4. Training on age dispute cases, including the conduct of child-sensitive proceedings, assessment of the age disputed person’s evidence and an understanding of the range of expert evidence used, its techniques, accepted scientific value, should be provided to all methods and judicial office holders before they hear age dispute cases, whether in the Upper Tribunal or in the Administrative Court. Such training might be developed with the Judicial College as part of the continuing professional development of judges. The Children’s Commissioner is willing to offer her assistance to develop such training.

To local authorities

5. Assessments should be conducted in line with the Framework for Assessment of Children in Need and their Families. This includes adhering to statutory timeframes to respond to referrals and conduct assessments, as well as good practice in inter agency collaborative working. Reference is made to the need to conduct assessments of children seeking asylum and separated from family members with particular care and attention in section 3.58 of the guidance.

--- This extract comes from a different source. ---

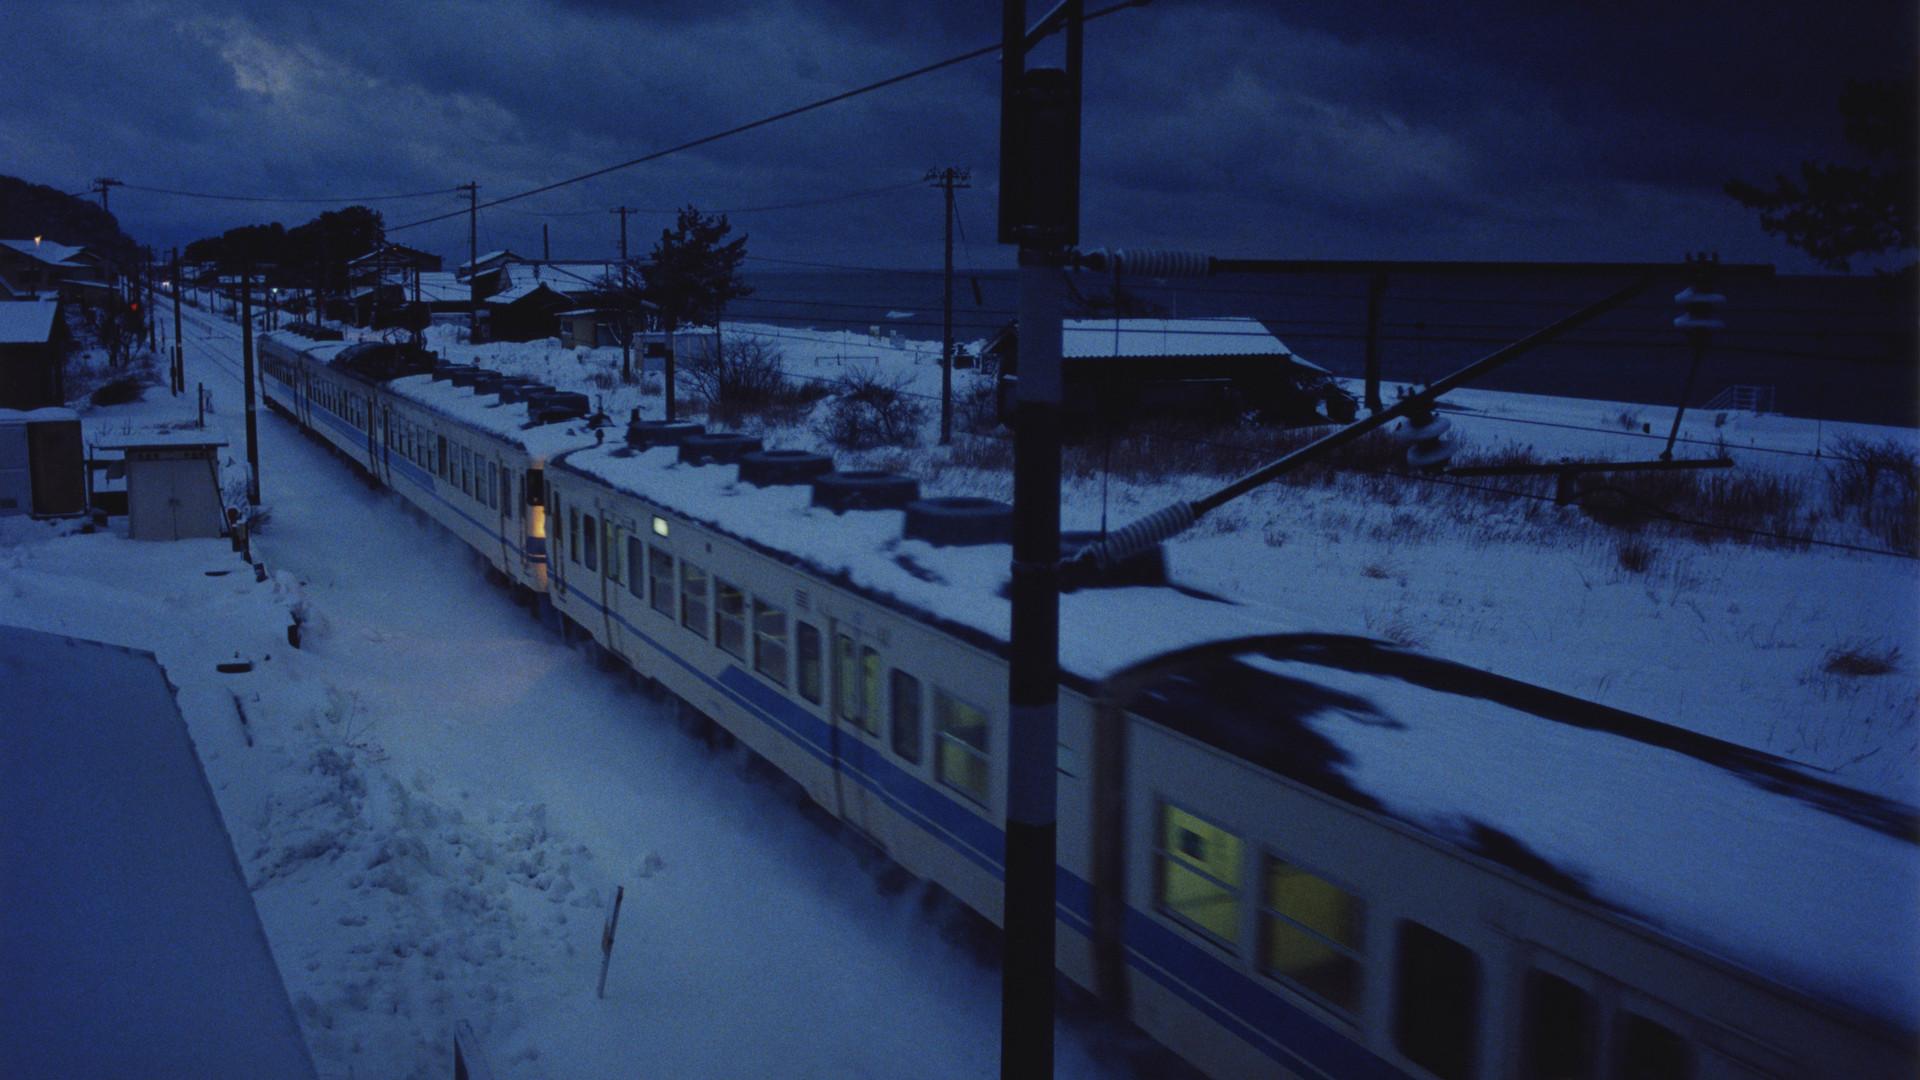 ©Koji Onaka

6. Social workers should be adequately trained for the difficult task of conducting age assessments. Training should:

  • include guidance on how to interpret and adhere to emerging case law
  • enable social workers to fully appreciate the impact that a young person’s experience and background will have on the way s/he presents during the assessment process.
  • discuss how to analyse and give weight to the information gathered in the assessment process.

7. Local authorities should ensure that the young person being assessed fully understands the process and what avenues are available to them to challenge the findings of the Local Authority assessment.

8. All placements provided for young people who are still in the assessment process, or awaiting the decision on their assessment must be appropriate and in accordance with the statutory guidance laid out in DCSF-15005-2010.

To UKBA and local authorities

9. The UKBA and local authorities should work together on a joint protocol to ensure that disagreements about the age of a young person are resolved and no asylum seeker, child or adult, is left with no support as a result of the two agencies being unable to agree on the age of a young person.